JUWELS Booster Overview

JUWELS Booster consists of 936 compute nodes, each equipped with 4 NVIDIA A100 GPUs. The GPUs are hosted by AMD EPYC Rome CPUs. The compute nodes are connected with HDR-200 InfiniBand in a DragonFly+ topology. To login, please see Access.

Node Configuration

The configuration of JUWELS Booster compute nodes is the following

  • CPU: AMD EPYC 7402 processor; 2 sockets, 24 cores per socket, SMT-2 (total: 2×24×2 = 96 threads) in NPS-4 1 configuration (details on WikiChip)

  • Memory: 512 GB DDR4-3200 RAM (of which at least 20 GB is taken by the system software stack, including the file system); 256 GB per socket; 8 memory channels per socket (2 channels per NUMA domain)

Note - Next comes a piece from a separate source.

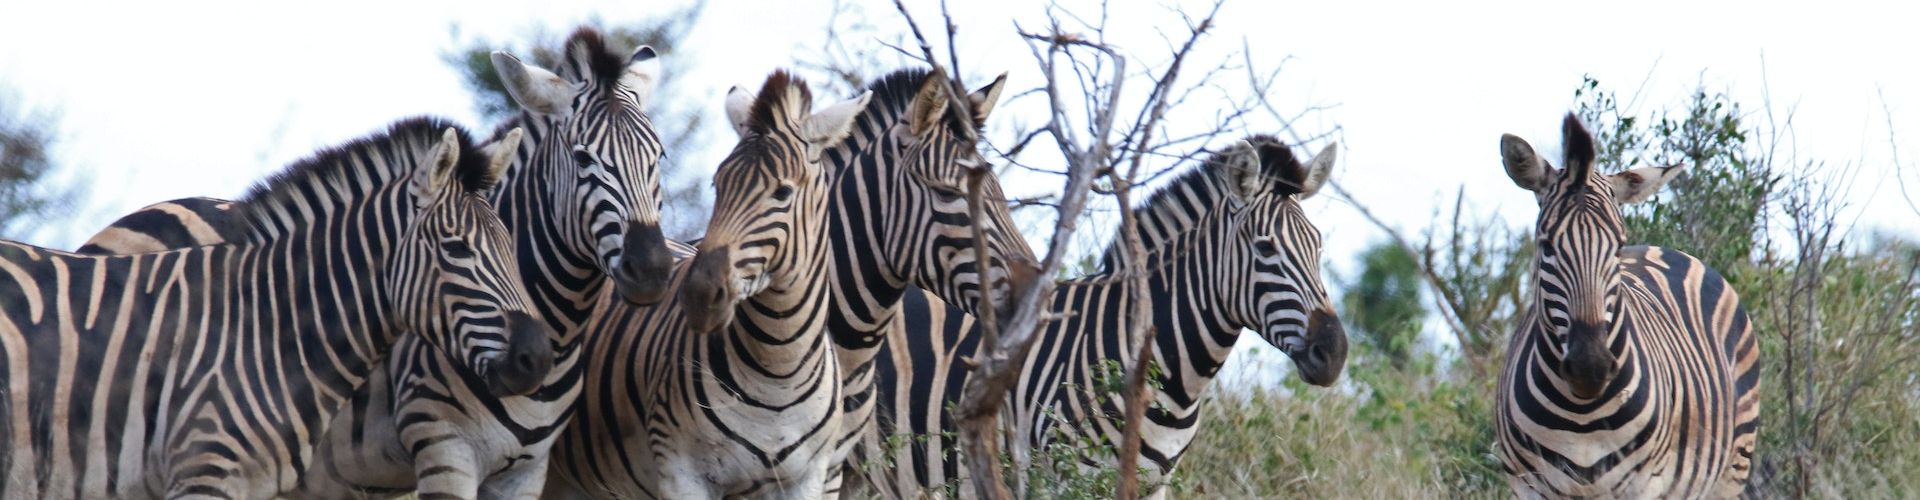 Verschillende zebra's dicht bij elkaar in een nationaal park in Tanzania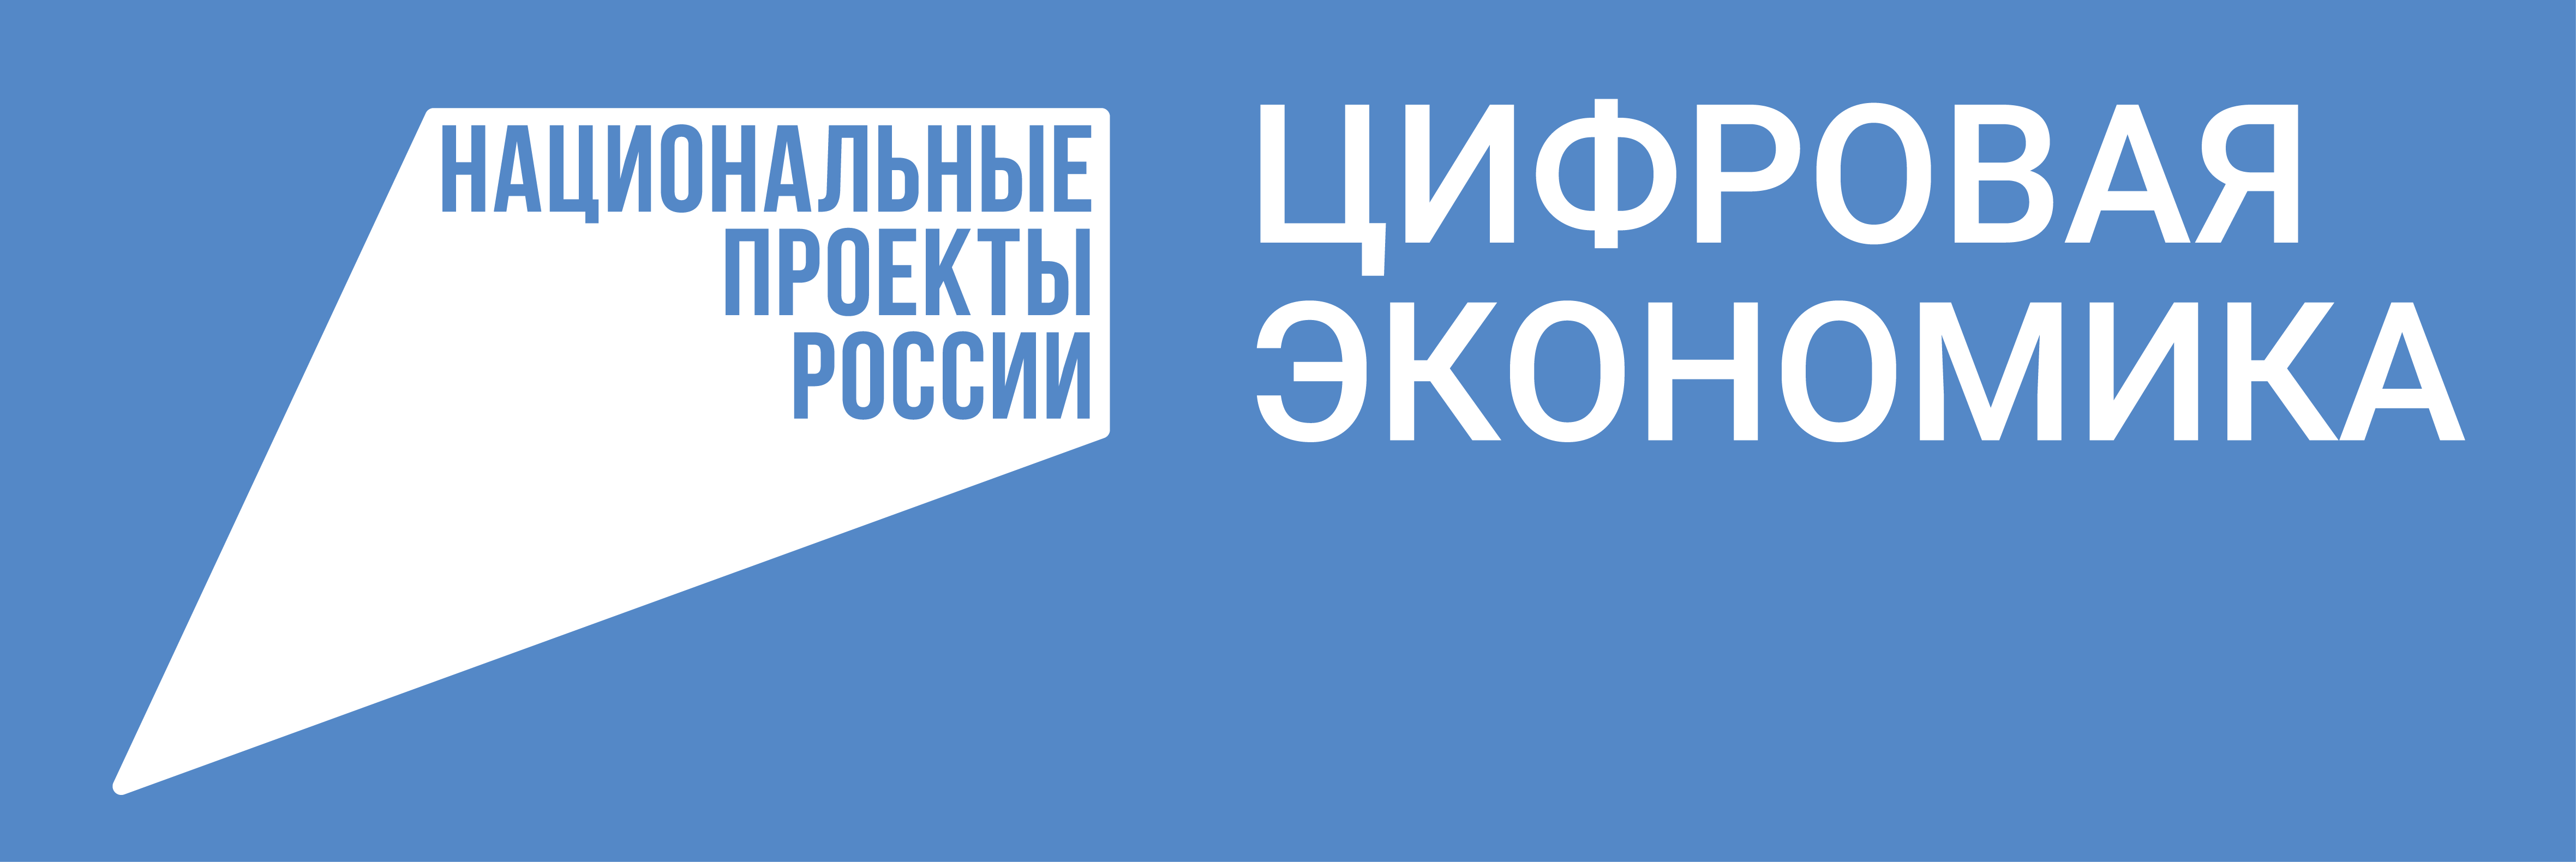 С 30 октября по 5 ноября в Ульяновской области проходила тематическая неделя нацпроекта «Цифровая экономика».

  • GPU: 4 × NVIDIA A100 Tensor Core GPU with 40 GB; connected via NVLink3 to each other

  • Network: 4 × Mellanox HDR200 InfiniBand ConnectX 6 (200 Gbit/s each), HCA

  • Periphery: CPU, GPU, and network adapter are connected via 2 PCIe Gen 4 switches with 16 PCIe lanes going to each device (CPU socket: 2×16 lanes). PCIe switches are configured in synthetic mode.

_images/juwelsbooster-node.svg
1

NPS-4: “NUMA Domains per socket: 4”; the socket is divided into four domains. The configuration originates from production of the CPU chip, which is not produced as one monolithic die, but rather consists of four individual dies.

System Network Topology

The InfiniBand network of JUWELS Booster is implemented as a DragonFly+ network.

48 nodes are combined in a switch group (cell), interconnected in a full fat-tree topology, with 10 leaf switches and 10 spine switches in a two-level configuration. 40 Tbit/s of bi-section bandwidth is available.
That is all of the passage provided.